Sep 9, 2021 - World

Mexico's Roe v. Wade

Pro-choice protesters in Mexcio

Pro-choice protests in Guadalajara, Mexico, with signs saying, “Maternity will be wanted or it won’t be” and “Take your rosaries off my ovaries,” September 2020. Photo: Ulises Ruiz/AFP via Getty

Mexico’s Supreme Court ruled unanimously this week that abortion cannot be considered a crime, in a decision called “historic” for the heavily Catholic country and reached while its northern neighbor, Texas, is severely restricting those procedures.

Why it matters: At least 850 women have been criminally charged and over 200 of them imprisoned across Mexico in the past two decades because of state laws that impose fines or jail time for abortions and even for miscarriages, according to NGOs.

  • Between 750,000 and 1 million women in Mexico each year terminate their pregnancies; most in clandestine and unsafe conditions since abortion is illegal in most states.
  • Mexico City has had legal abortion since 2007, and support has been slowly growing in the rest of the country: in 2019, Oaxaca decriminalized it, followed by two more states, Hidalgo and Veracruz, just this summer.

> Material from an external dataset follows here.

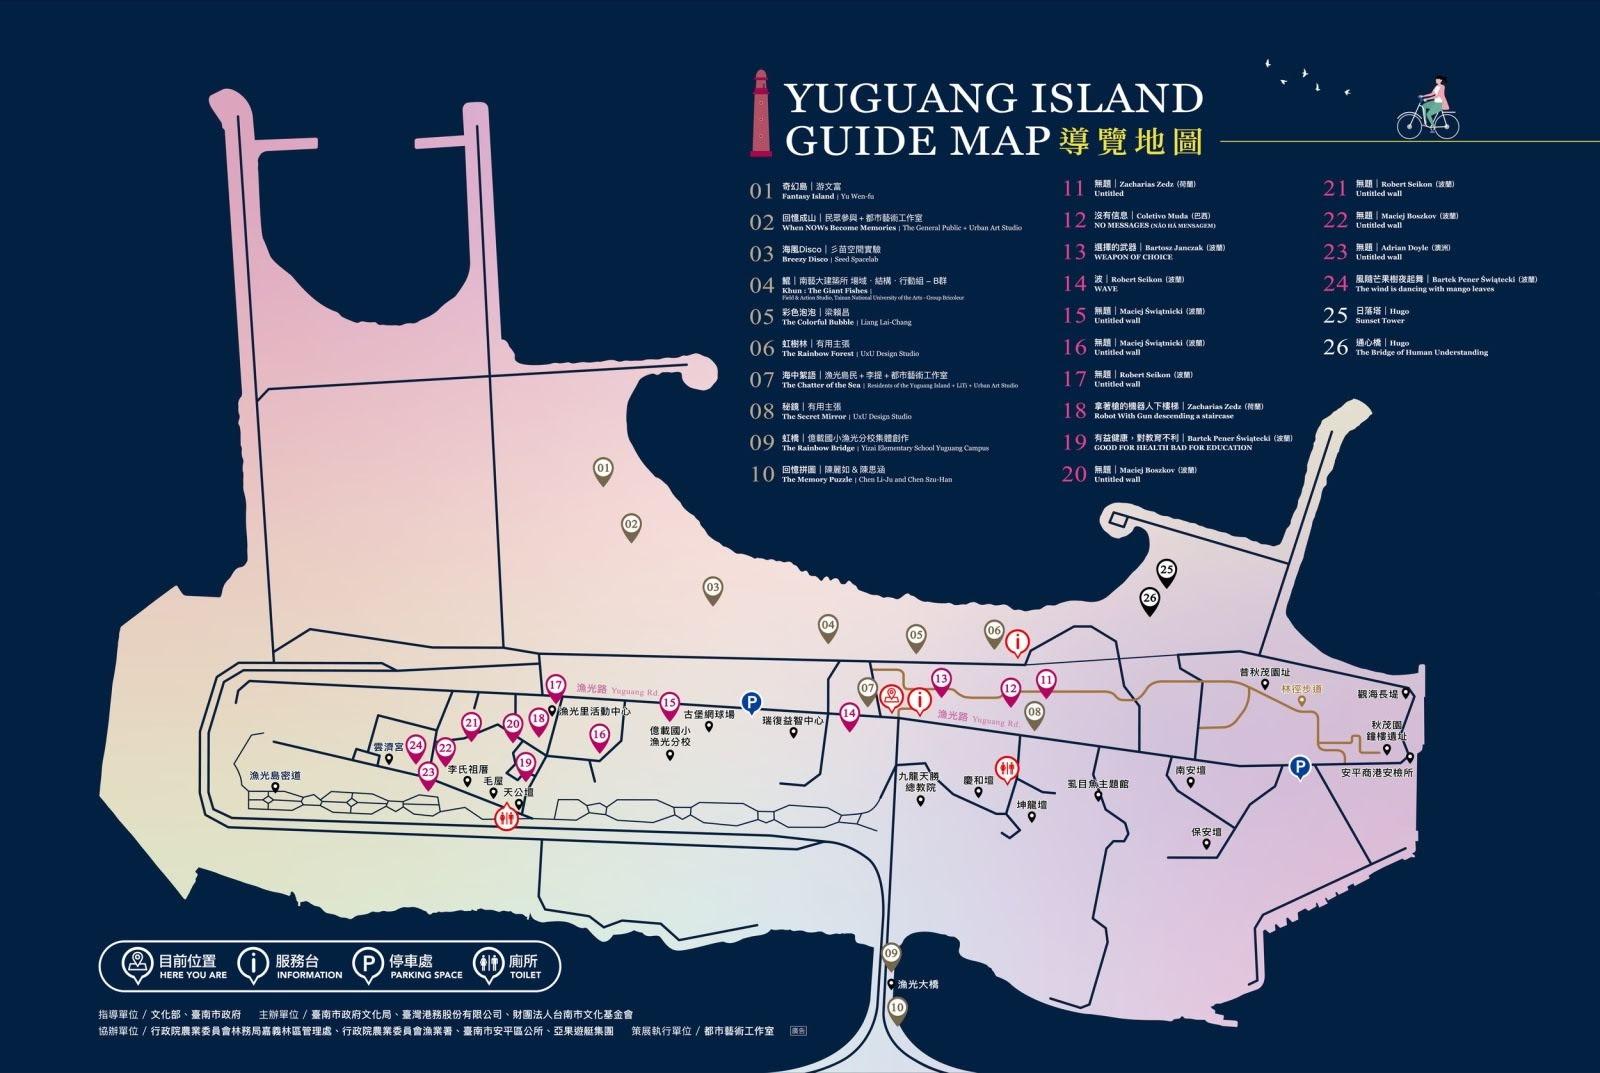 2019漁光島藝術節 官方導覽地圖出爐囉!

How it works: The Supreme Court decision stemmed from a case in Coahuila and only applies to that state’s criminal code.

  • But the precedent means other states that still criminalize procedures to end a pregnancy will have to reform local laws or risk lower courts striking down similar statutes.
  • “Starting now no one will be able to criminally charge a woman who aborts without, in so doing, violating the court’s authority and the Constitution,” said chief justice Arturo Zaldívar.

Between the lines: Since 2019, Mexico’s upper court has taken a slew of progressive decisions. They include:

  • Stating that prohibiting recreational use of marijuana is unconstitutional, effectively allowing Mexicans to cultivate cannabis for personal use without sanction.
  • Ensuring that people who go through gender transition can get new birth certificates to reflect their identity regardless of differing state laws.